Let's run RAM to check what objects in its open set it can tag in the image.

In [None]:
wrapper.infer(np.array(img))

So here, based on the objects our current RAM wrapper can tag, only two objects are considered to be in the frame: a humanoid robot and some chairs. But what if we want our wrapper to tag whether a croissant is in the image or not (to start a croissant grasping task for example)? 
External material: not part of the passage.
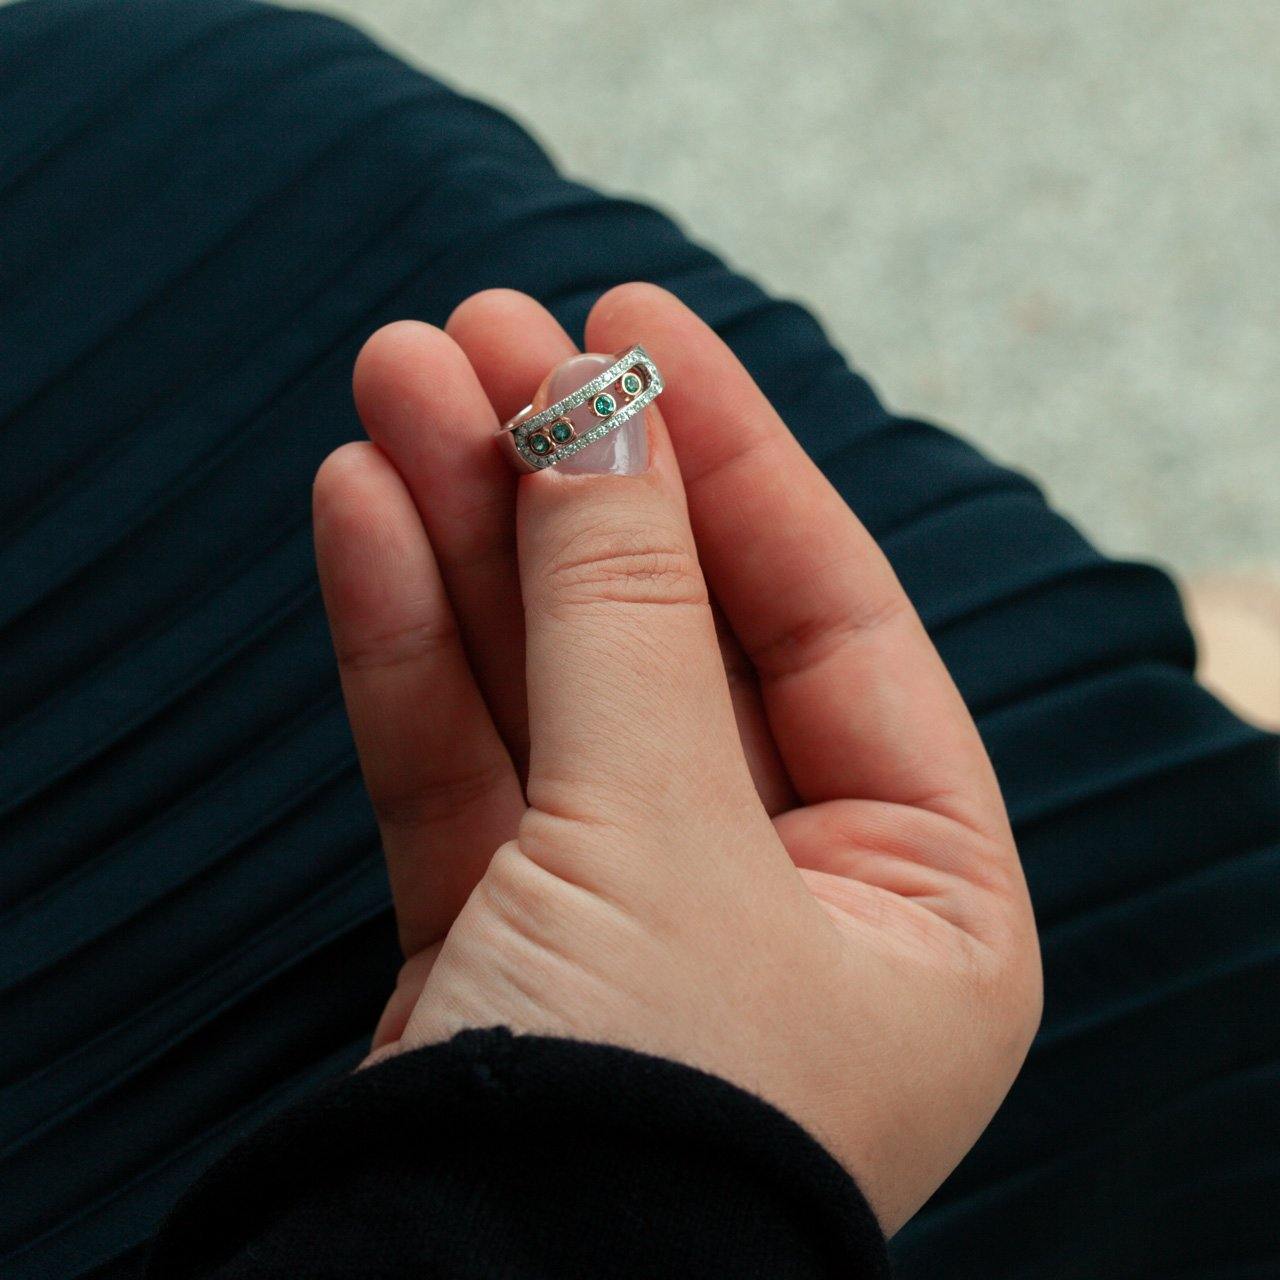 Elegant 0.22ct natural alexandrite ring held between fingers showcasing the 18k white and rose gold design

## Generate a new description file

You can easily generate a new description file using pollen-vision with other objects that you want to tag. This file can then be used by the RAM wrapper.

In [None]:
from pollen_vision.vision_models.object_detection import ObjectDescriptionGenerator

💡 Please note that you will need an OpenAI API key for this as the generator uses the GPT 3.5 model to perform the generation.
By default the ObjectDetectionGenerator object looks at init for the API key defined with the **OPENAI_API_KEY** environment variable. If you prefer, you can just pass your API key as argument of the init with the *api_key* argument.

If you're working on Colab, you will need to pass your OPENAI api key.

In [None]:
OPENAI_API_KEY = ""  # Add your OPENAI API key here

if OPENAI_API_KEY != "":
  object_detection_generator = ObjectDescriptionGenerator(api_key=OPENAI_API_KEY)
else:
  object_detection_generator = ObjectDescriptionGenerator()

Just call the *generate_descriptions* method to generate the discription for the objects you want. Pass a list of objects names as argument. Here we will ask to generate descriptions for our croissant.

In [None]:
new_objects_list = ["croissant"]

objects_descriptions = object_detection_generator.generate_descriptions(objects=new_objects_list, generation_nb_per_object=30)

By default, 10 descriptions are generated per object. This can be changed with the optional argument *generation_nb_per_object* of the *generate_descriptions* method. Because a croissant can be a bit technical to tag, we asked for more description per object.

In [None]:
print(objects_descriptions)

You can save the descriptions you just generated to a json file that you can later use with RAM using the *save_descriptions* method. The description file will be saved in the object_descriptions folder.

In [None]:
object_detection_generator.save_descriptions(descriptions=objects_descriptions, descriptor_file_name="croissant-descriptor")

You can then use the description file you just generated with RAM.

In [None]:
my_new_ram_wrapper = RAM_wrapper(objects_descriptions_filename="croissant-descriptor")

Let's check the objects our new wrapper is able to tag, to make sure if it can tag croissants

In [None]:
my_new_ram_wrapper.open_set_categories

Let's perform the image tagging with the same image as before.

In [None]:
my_new_ram_wrapper.infer(np.array(img))

Yes, apparently there is a croissant in the image!

Let's try to tag on a another image where there is no croissant, just to check if the tag actually works and does not tag a croissant on any image.

In [None]:
non_croissant_img = dataset[21]["image"]
non_croissant_img

In [None]:
my_new_ram_wrapper.infer(np.array(non_croissant_img))

Nice, the croissant tagging seems to work!